I speak from the heart when I say that this is a hauntingly beautiful tale.
Steelwhisper has a rare gift; I wish dearly that there were more such writing talents in the genre of erotica, inspiring an intellectual response as well as visceral.
Utterly compelling; I felt bereft on reaching the final lines. The close of the story is filled with such tenderness and intimacy, providing the perfect foil to the brutality and anonymity of the sex-slavery-system so vividly portrayed.
The author shows great accomplishment in conjuring so much with so few words. Her concise tone is perfect for this bleak dystopian world, where those who suffer do so with fatalistic acceptance.
The most gripping erotic short story I have had the pleasure to read. I cannot recommend highly enough.
I wasn't keen on this starting out. Not just because of the subject matter, but because the writing seemed cold, stripped bare, almost clinical.
Until I realized just a little more than half-way in (page 11!!) that the style totally fit this sexual dystopia. And then I was hit by the melancholy... with a glimmer of light at the very end.
Very compact, but with some intriguing, hinted at layers. Just a taste, though, really.
Disclaimer: I read both versions of this story and assisted with formatting for publication.
This isn't the sort of story I usually read, and it had me squirming pretty much from the off. Disturbing, haunting, melancholy, yet equally profound and ultimately moving, this well-written tale lingers and resonates long after reading, which is what all good dystopian fiction is supposed to do.
I was left wanting more...a lot more! There were plenty of stories that could have been told here, we're introduced to quite a cast of characters in such a short time, and I did want to read more about them. I really enjoyed this dark bit of erotica. It was just too damn short :-)
Contrary to popular votes this book is depressing and horrible. It did not read realistically. It was too short and nothing shy of rubbish. I feel Ive wasted my money.

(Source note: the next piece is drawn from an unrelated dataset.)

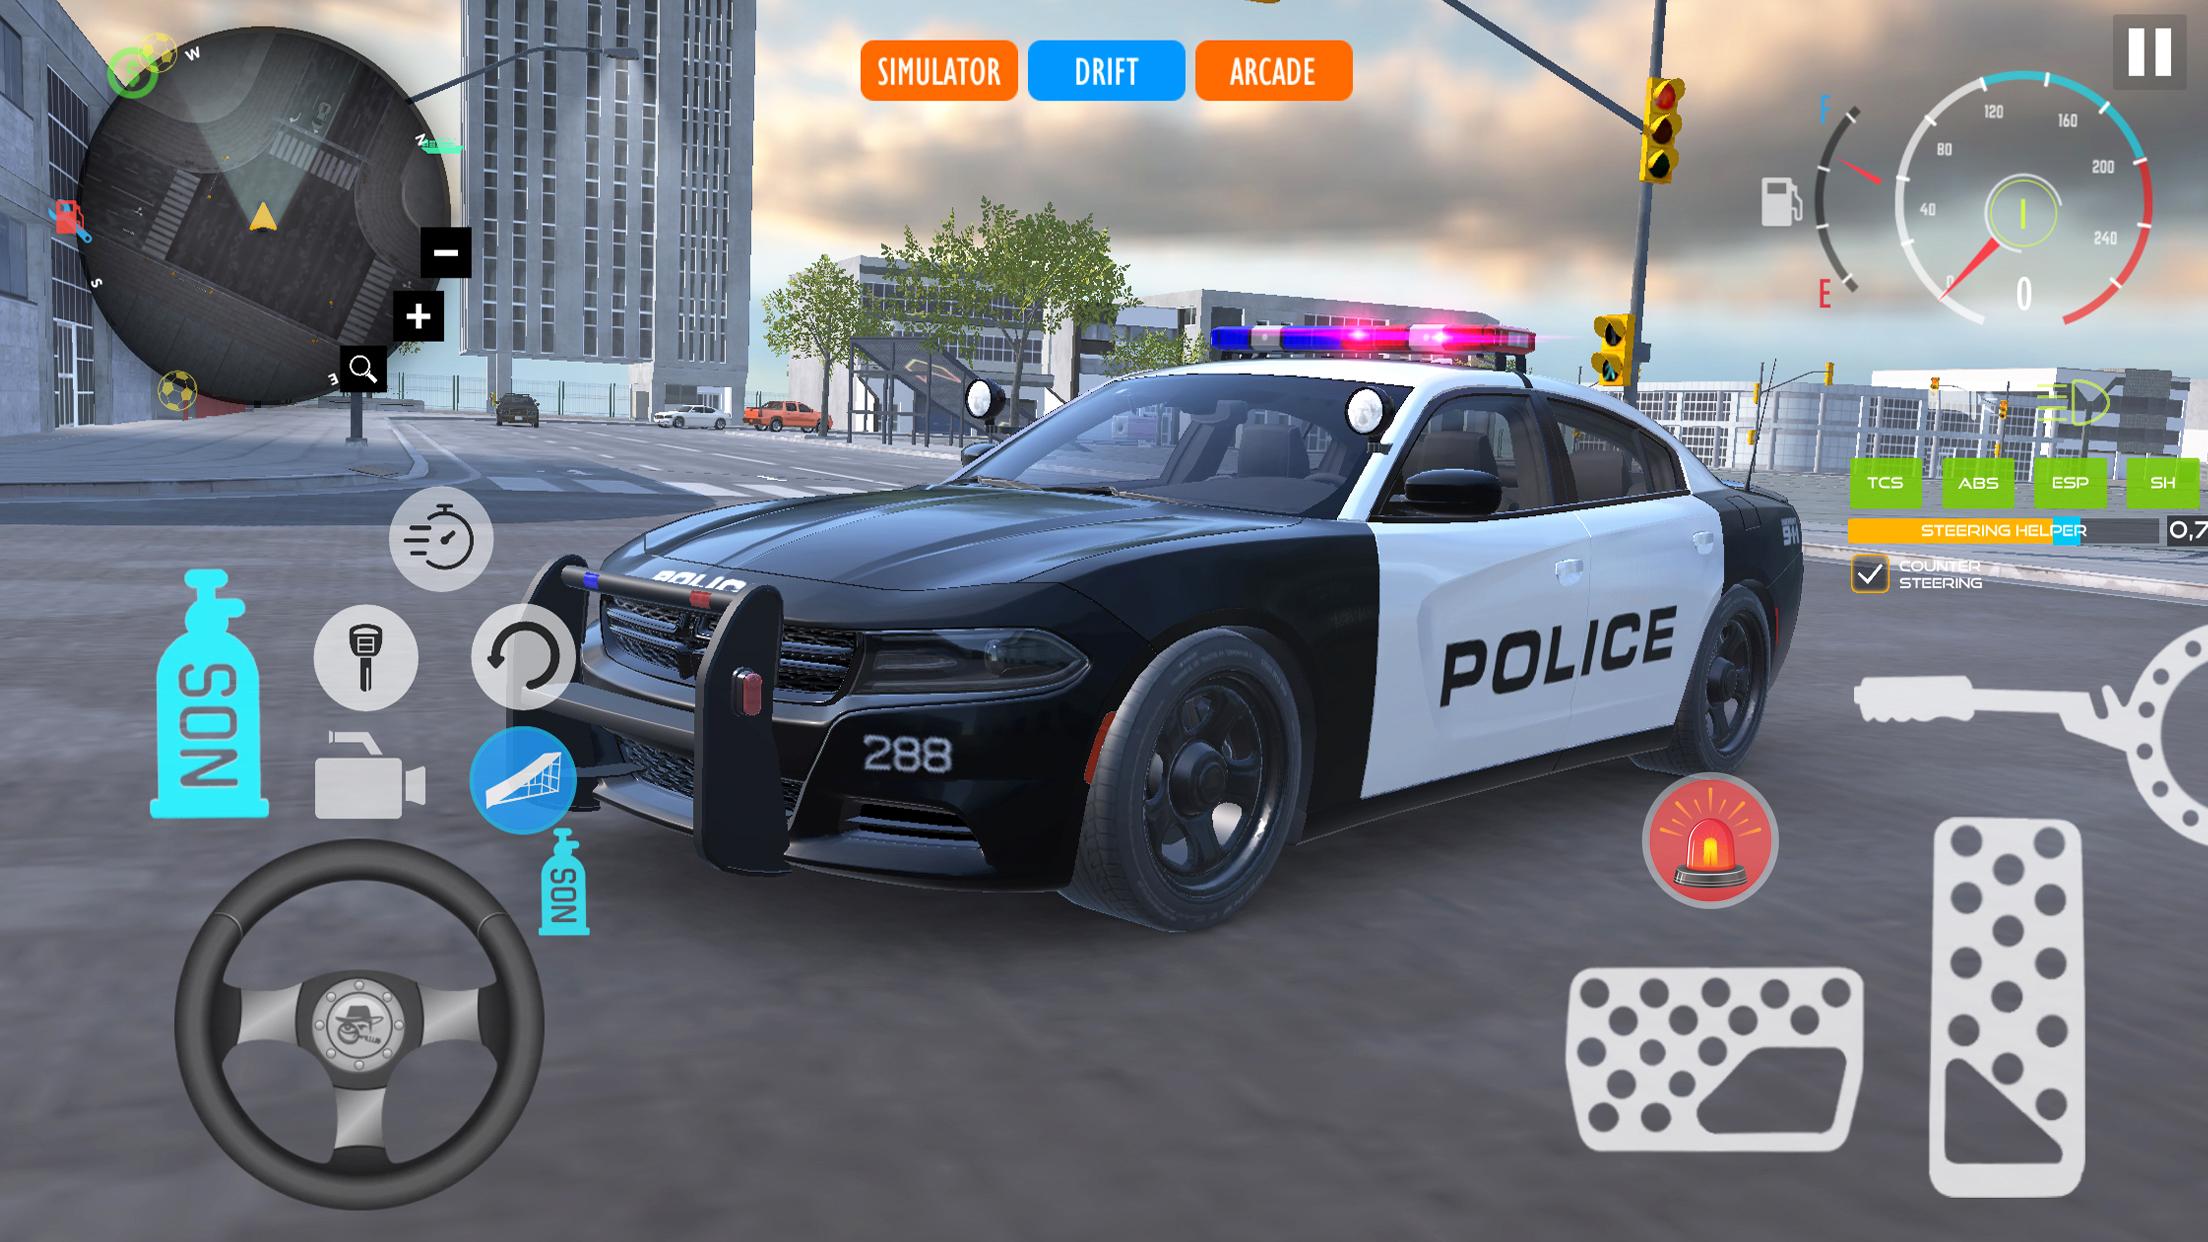 Игра побег от полиции на машине дрифт. Rod Multiplayer car Driving. Impossible car Stunts Driving - Sport car Racing Simulator 2021 - Android Gameplay. Drive car multiplayer

This is elegance, as somebody who specialises in similar quite niche erotica it makes me horribly jealous. Steelwhisper hasn't just created an absorbing and ultimately arousing piece of fiction, this is the creation of a world that feels very real and plausible. It captures the imagination to a point that you can't help but want to indulge more, you find yourself wanting more information, more detail. Not because anything is missing from the fabric of the story but because it's like travelling through a new city on a train. You see what's unfolding before you but you want to see what's beyond the walls, the streets and lives hinted at but just out of sight. A book to come back to, Loved it x
All well written. The beginning was outside my comfort zone and, given the rest of the story, felt unnecessary. There wasn't enough world to give it context and a place. But I would have liked for them to be. I'd have happily read it. The last part was really lovely and I would have very much enjoyed knowing the rest of their story.
This wasn't nearly as dark as I expected. I actually didn't find it dark at all. Is that weird? Despite the fact that a future in which orphans/wards of the state are sold off into prostitution to settle their debt is of course horrific. Jodelle was so calm about her lot in life. There were interspersed scenes to make sure we knew this was no walk in the park, the asshole doctor for example. But even the young virgin orphan was treated so kindly in a shitty situation, I dunno, like I said, it didn't' disturb me as maybe it should have (or was supposed to?)
I thought the world building and set-up was great, and did a wonderful job of immersing us in this world without an info-dump. And I thought the set-up length was appropriate, but wish George's part was equal in length. It was so perfect and surprisingly sweet, that I wanted just a little bit more. This also had the unhappy accident of an excerpt from another book at the end (which is not bad in and of itself), so I thought there were 8 more pages coming when it ended.
Beautifully written, beautifully told. I usually have a hard time with short stories, but this one seriously packs a punch. It was dark and haunting, but also compassionate and moving. I rarely dip into this genre, but I am very glad I did with George. Highly recommended.